Mocking and testing outbound web service calls in Salesforce

The Salesforce platform is great when you want to quickly build applications because it will give you a lot of functionality for free. As a developer on the platform, I have often worked on building real-time integrations on other systems. These are usually implemented by writing a web service call out from a trigger. The platform requires you to write test code that should have at least 75% line coverage. This is, of course, a great opportunity for us to write proper test code.

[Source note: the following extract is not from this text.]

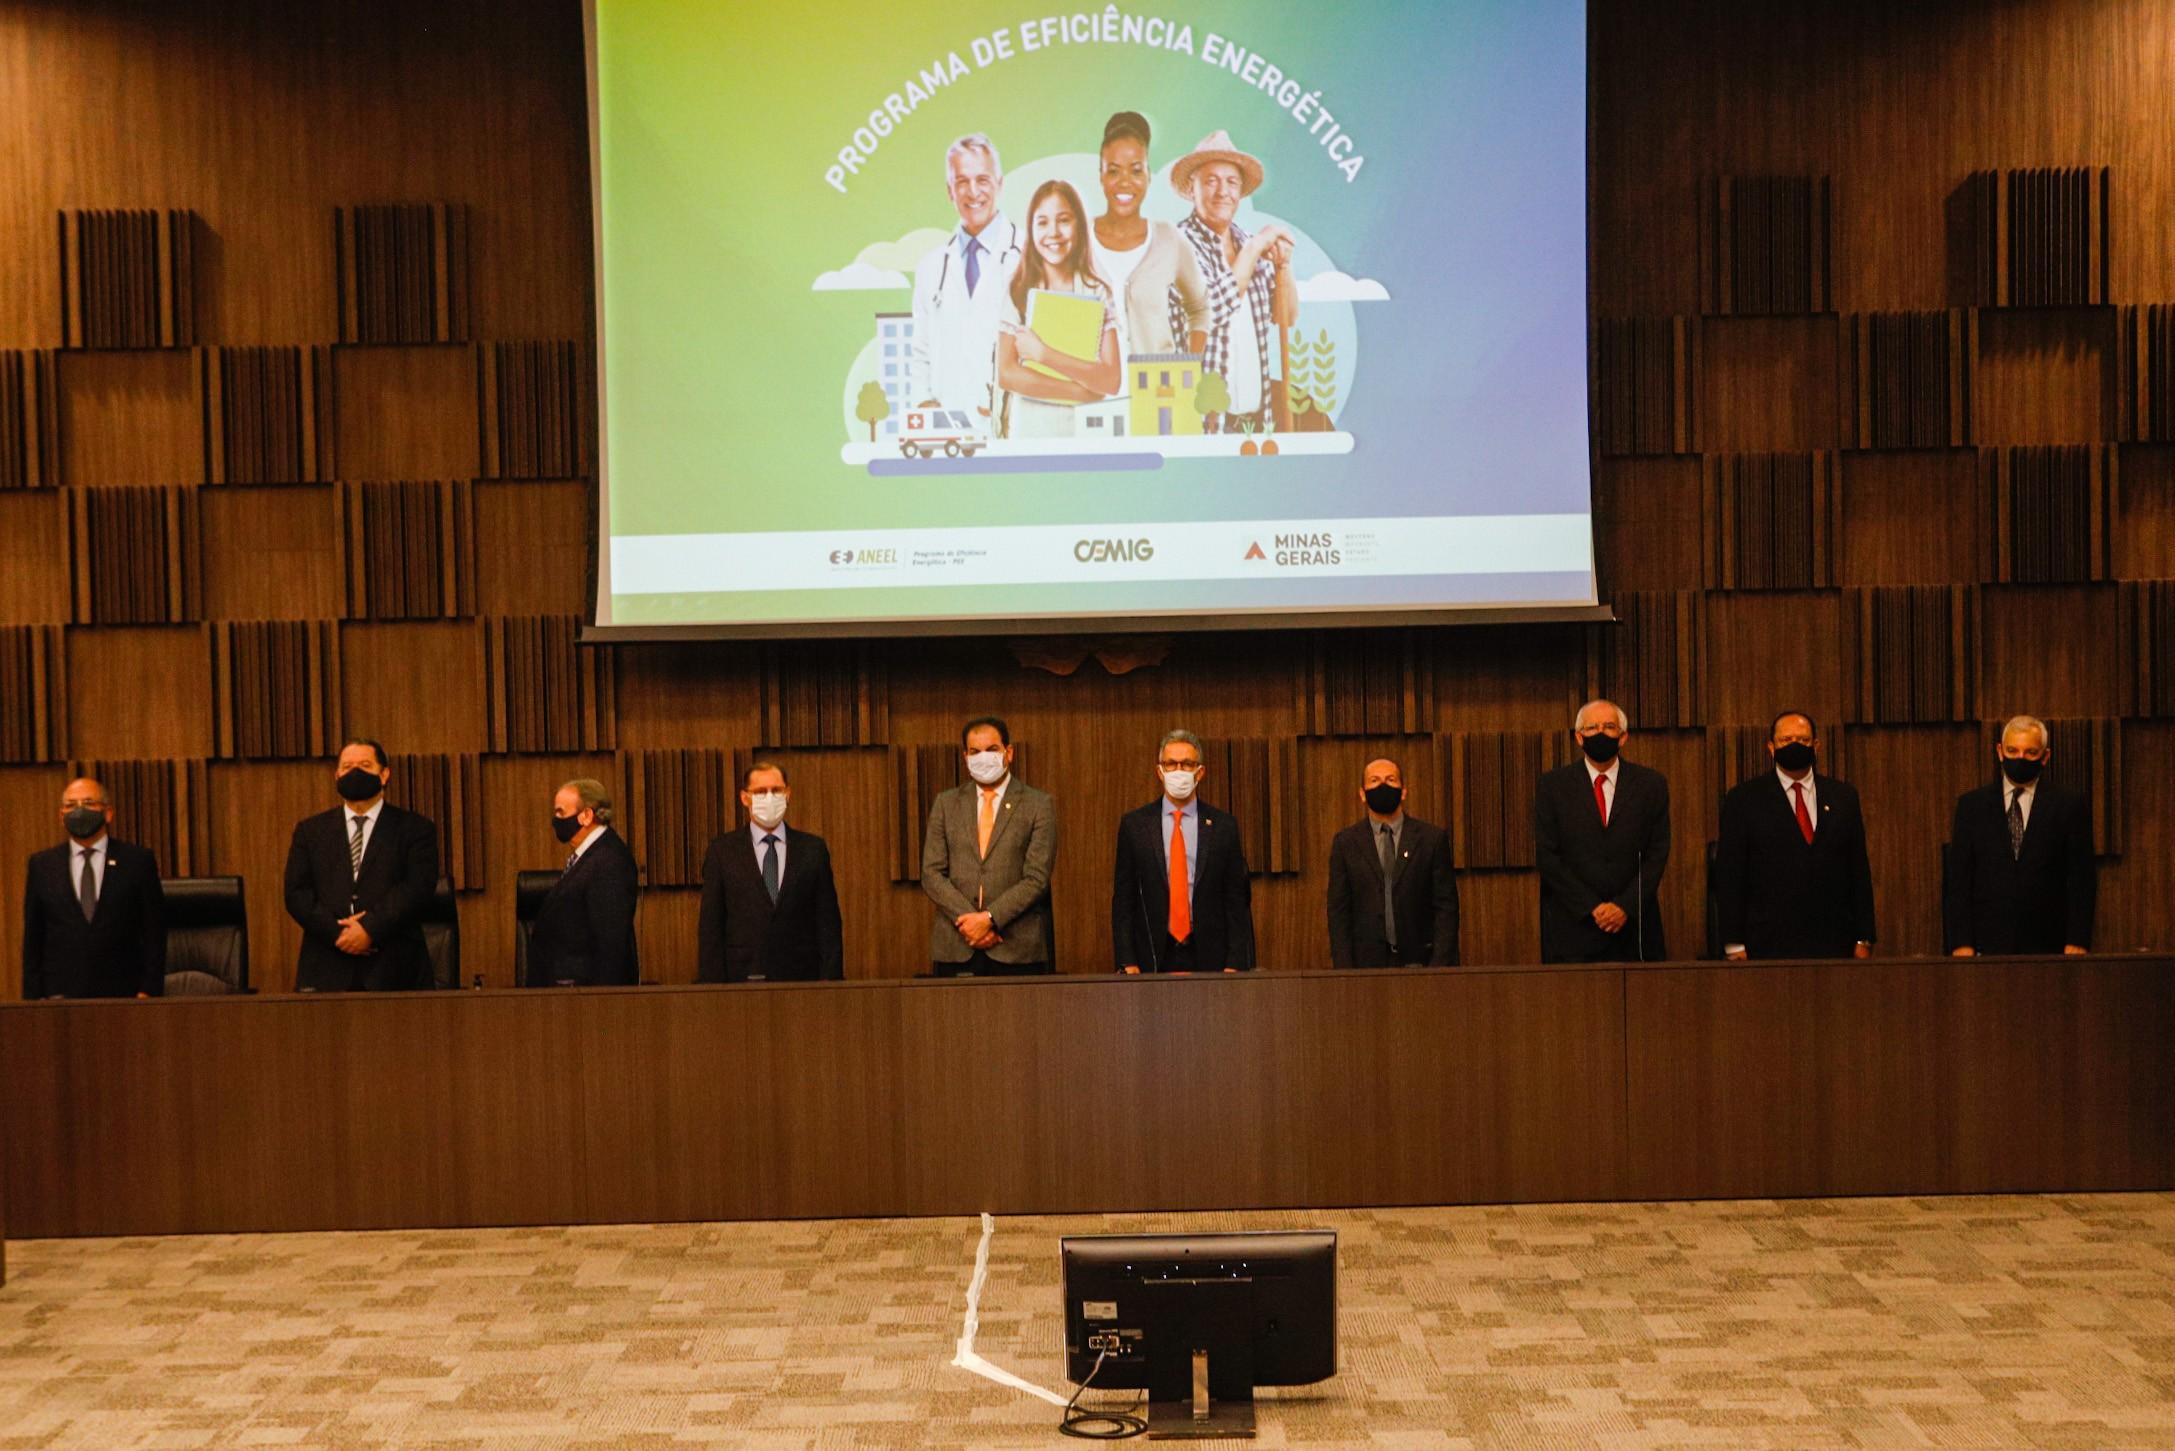 Zema participa de cerimônia de inauguração da usina fotovoltaica da Apac de São João del Rei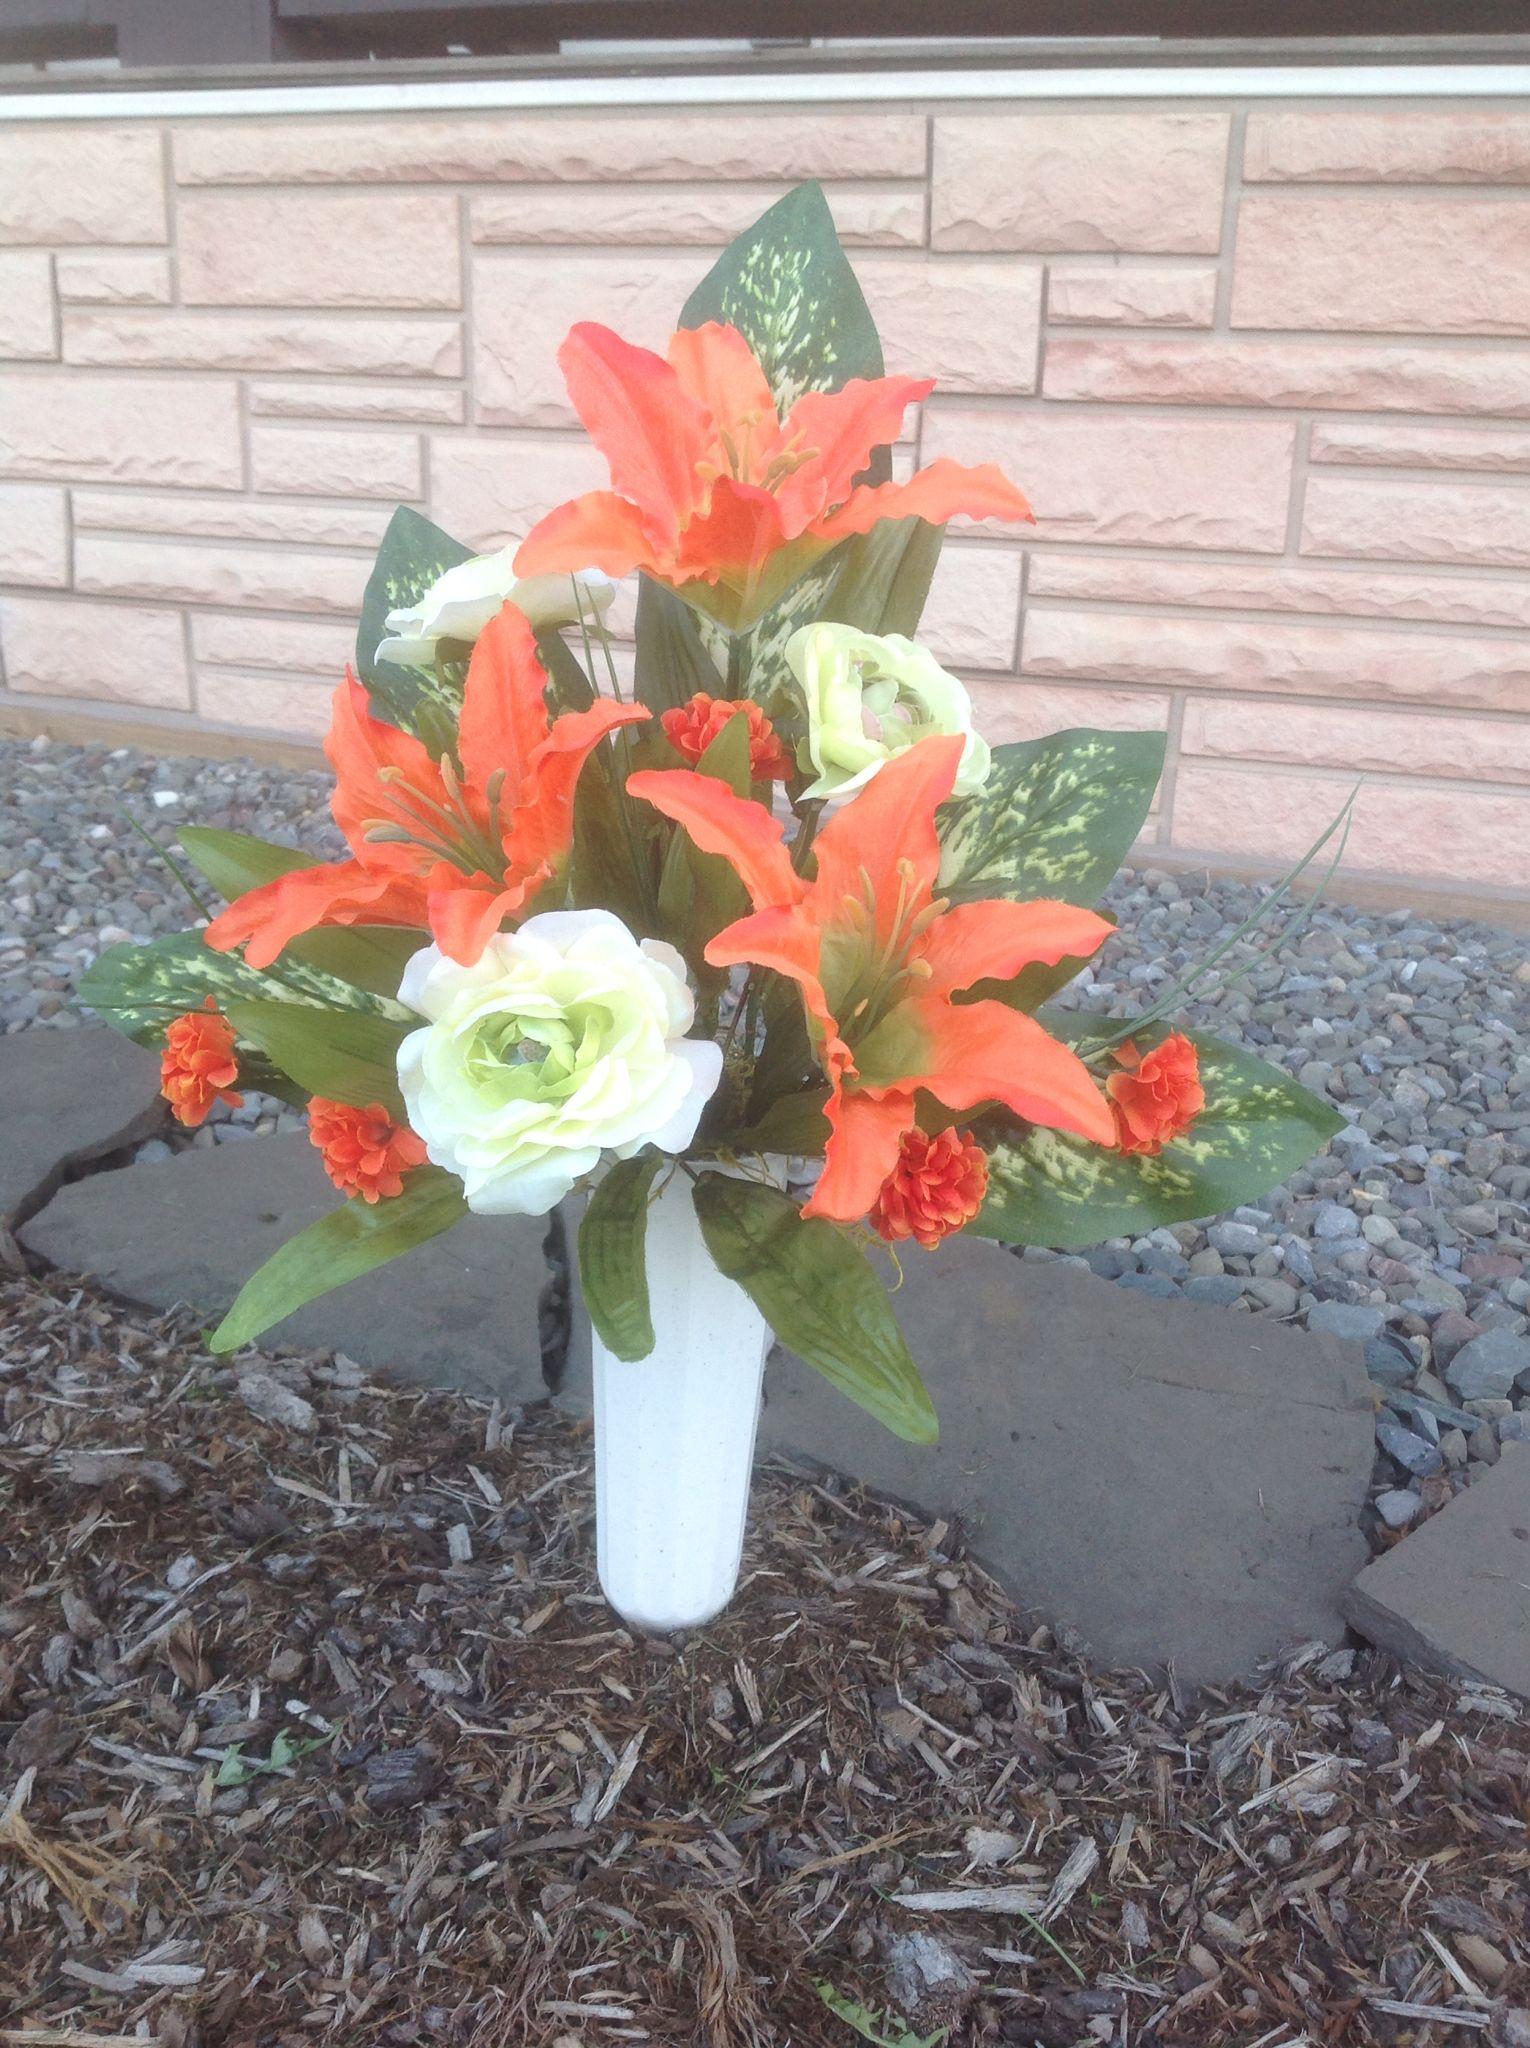 Cemetery Vase Silk Flower Design Arrangement Orange Lilies Green

When test code is executed, it will prevent the system from doing outbound calls, which in turn prevents any unintended interaction with external systems. But how do you then do testing? Mocking is the answer.

A mock is a class that will receive your outbound request instead of the request being sent to an external system. This class simulates the behavior of the real system, which means you can simulate both successful and failed responses. An additional bonus is that you can develop code without having real access to the external system; you can rely on the mock. This is test-driven development at its core.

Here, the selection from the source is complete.